Gözlerim gözleriyle mücadele ederken dudaklarını araladığını hissettim, sonra nefeslerimiz birbirine karıştı ve elimi kaldırıp yanağına dokundum.
"Seni seviyorum."
Dünya üzerimdeki bütün yükü alıp sırtlandıktan sonra sessizliğe gömüldü ve ben Min Yoongi'nin gözleri dışında başka hiçbir şey göremez oldum.
"Saç tellerine varana dek seviyorum seni. Tüm kusurlarımla, kusursuz bir biçimde seviyorum hem de. Hayatımın doğru kıldığı tek detay sensin, yemin ederim, başardığım en iyi şey seni sevmek. En güzeli." Parmaklarım yüzünün yumuşak tenini okşadığında gözlerini kapattı, cesaret aldım.

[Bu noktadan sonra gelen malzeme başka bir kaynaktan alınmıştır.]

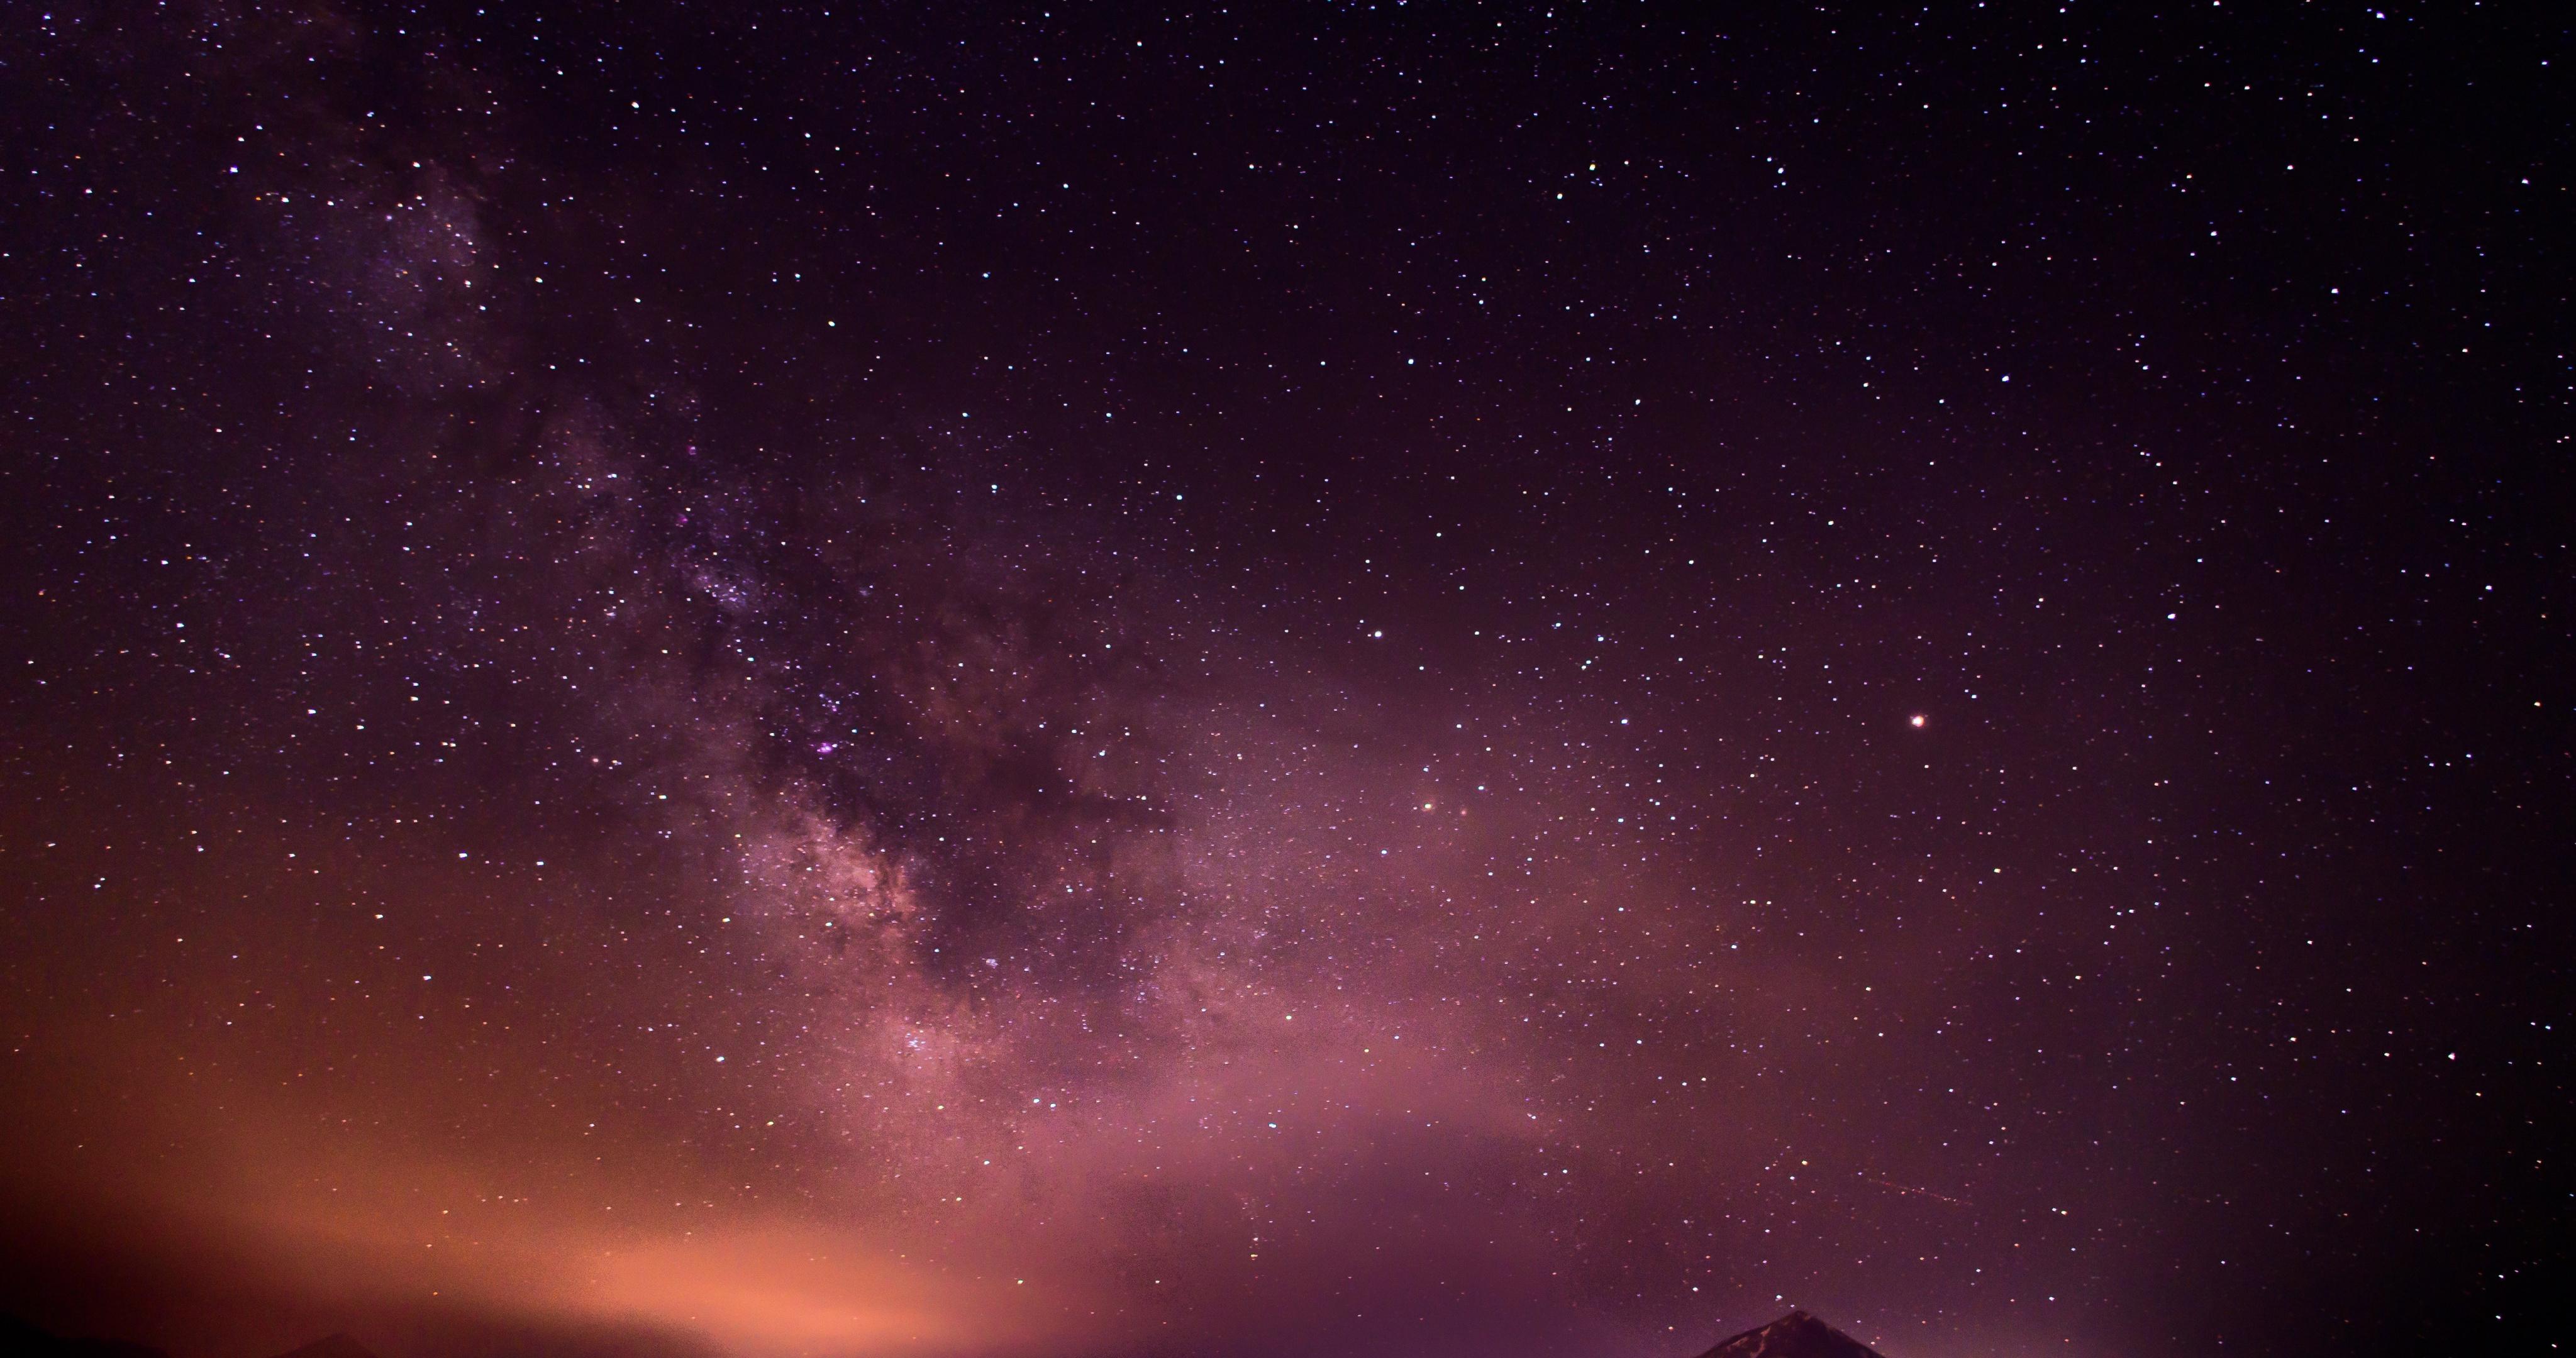 Обои Вид на ночное звездное небо 1920x1080 скачать бесплатно на рабочий стол

Çünkü o anda bana değil de, benim için kapamıştı gözlerini.
Biliyordum.
"Min Yoongi, bencilim, bilirsin. Bu yüzden..." diğer elimi de kaldırıp diğer yanağına götürdüm. Göz kapakları titredi, açmadı ama gözlerini. Gözlerim doldu.
Yaklaştım ona doğru.
"Bu yüzden..."
Biraz daha yaklaştım.
"Lütfen beni sev."
Ve işte bu da son evreydi;İtiraf.
Fakat son evre bazı sürprizlerle dolu oldu.
Min Yoongi'nin dudakları gibi.
Tanrım! Evet!
ONU ÖPTÜM!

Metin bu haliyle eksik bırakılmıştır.